Split XML file based on an input field

Post by naveend »

I am getting multiple XML responses for different data elements like (Business Units, Country codes, currency codes) from MDM-WCC in the same MQ. I need to get the message and based on <response type> field in the XML, move the message content to the element specific XML file. I thought I could use an XML input stage and xfmr stage, but I do not know what columns to load into the XML stage.

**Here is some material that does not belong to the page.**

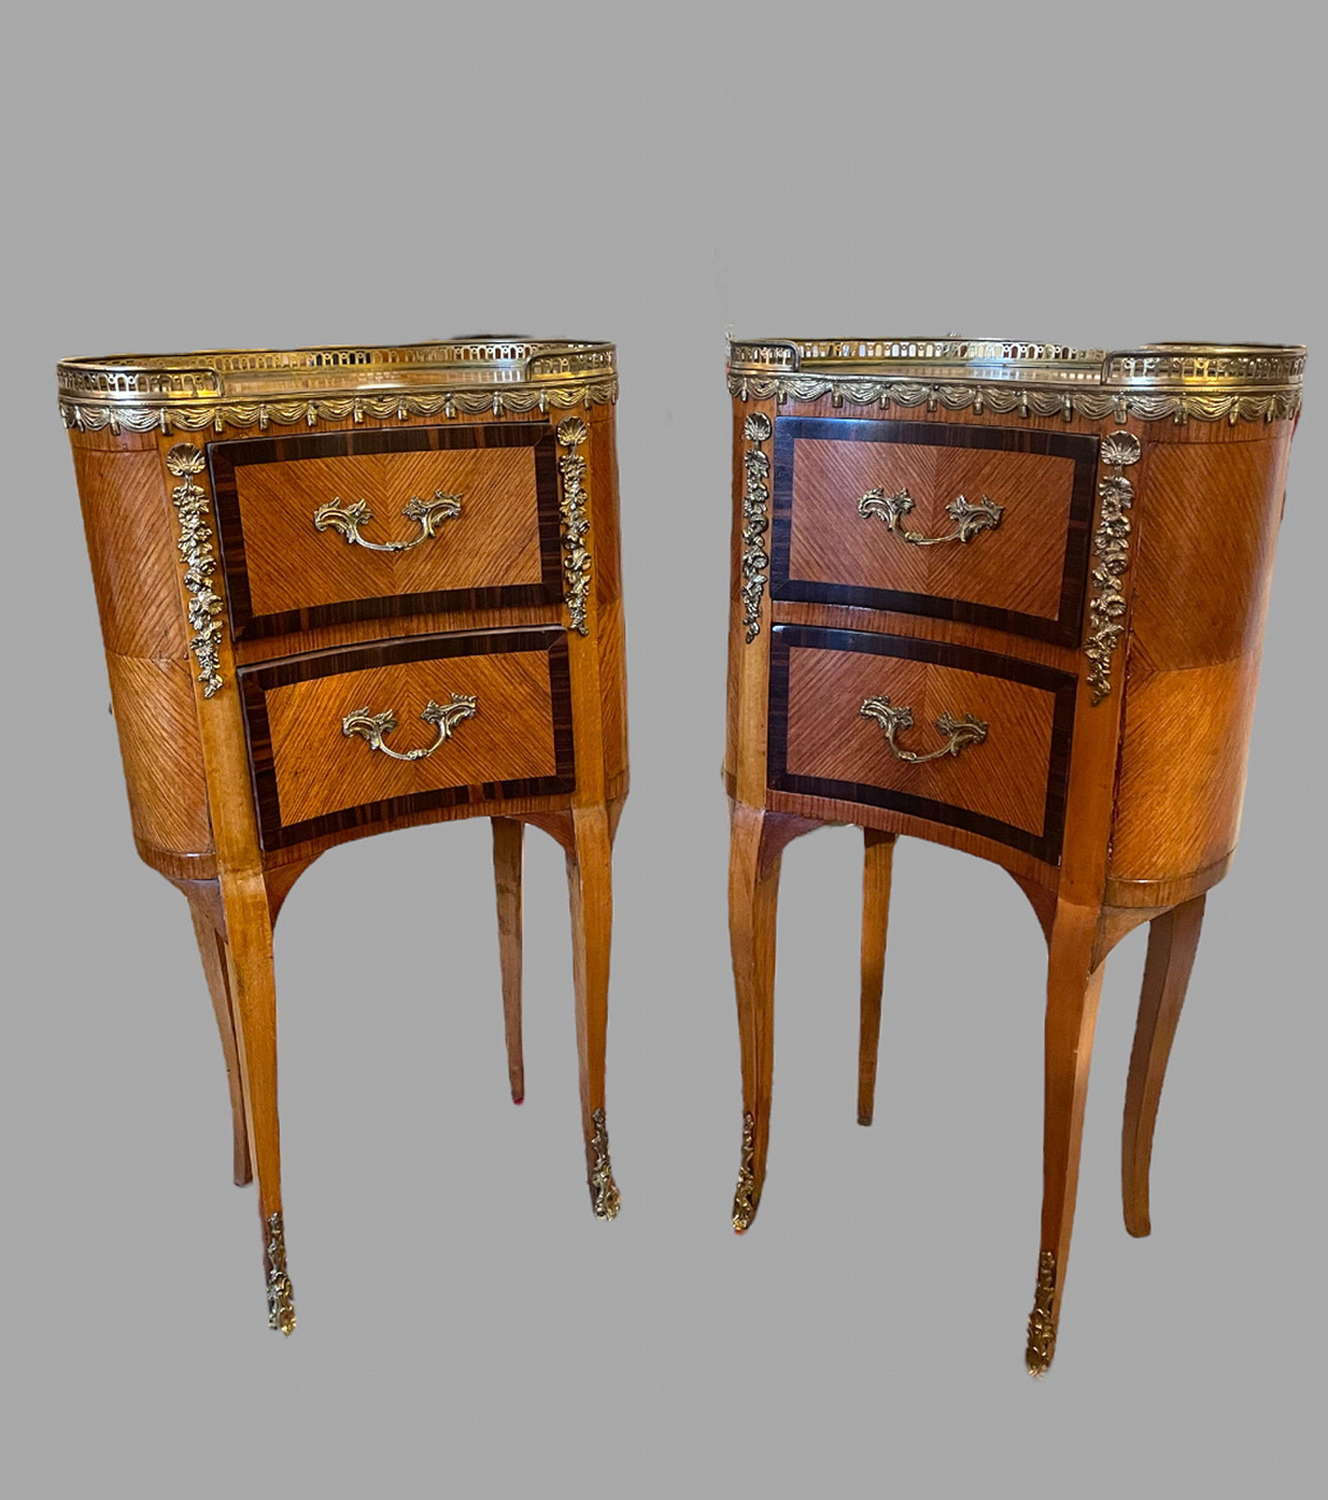 A Pair of Attractive 19thc Marquetry Bedside Tables

Can anyone help?
eostic
Premium Member
Premium Member
Posts: 3838
Joined: Mon Oct 17, 2005 9:34 am

Post by eostic »

naveend...

It's possible you can easily do what you want to here..... is the <reponse type> element the root of your xml document? ...or at least close to it? ...like a sequential file, it sounds as though this "record type" may be dictating the format for the rest of the structure....if that's the case, we can probably assume that it's near the top of the structure and that getting to it is the same for each of the document types...... if so we can review it and branch accordingly to othre xml stages...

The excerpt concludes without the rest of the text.